The most important thing here is that the analysts upgraded their earnings per share estimates, suggesting that there has been a clear increase in optimism towards HeadHunter Group following these results. Fortunately, they also reconfirmed their revenue numbers, suggesting sales are tracking in line with expectations - and our data suggests that revenues are expected to grow faster than the wider industry. The consensus price target held steady at ₽1,778, with the latest estimates not enough to have an impact on their price targets.

Following on from that line of thought, we think that the long-term prospects of the business are much more relevant than next year's earnings. We have forecasts for HeadHunter Group going out to 2024, and you can see them free on our platform here.
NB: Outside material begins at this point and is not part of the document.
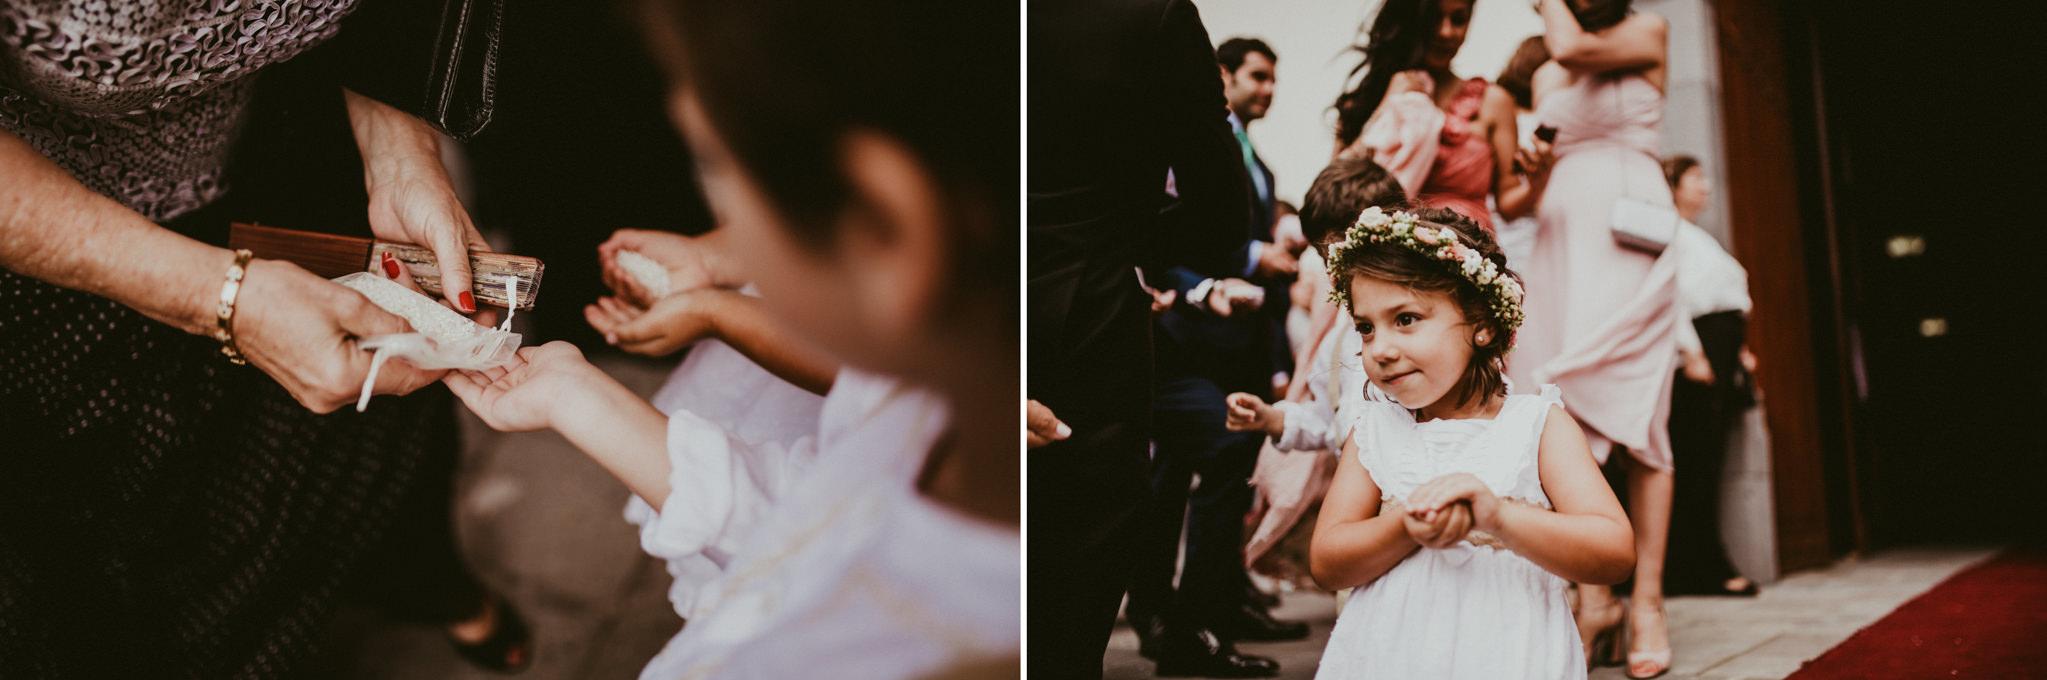 Jessica+Oscar-wedding-122

You should always think about risks though. Case in point, we've spotted 2 warning signs for HeadHunter Group you should be aware of.

This article by Simply Wall St is general in nature. It does not constitute a recommendation to buy or sell any stock, and does not take account of your objectives, or your financial situation. We aim to bring you long-term focused analysis driven by fundamental data. Note that our analysis may not factor in the latest price-sensitive company announcements or qualitative material. Simply Wall St has no position in any stocks mentioned.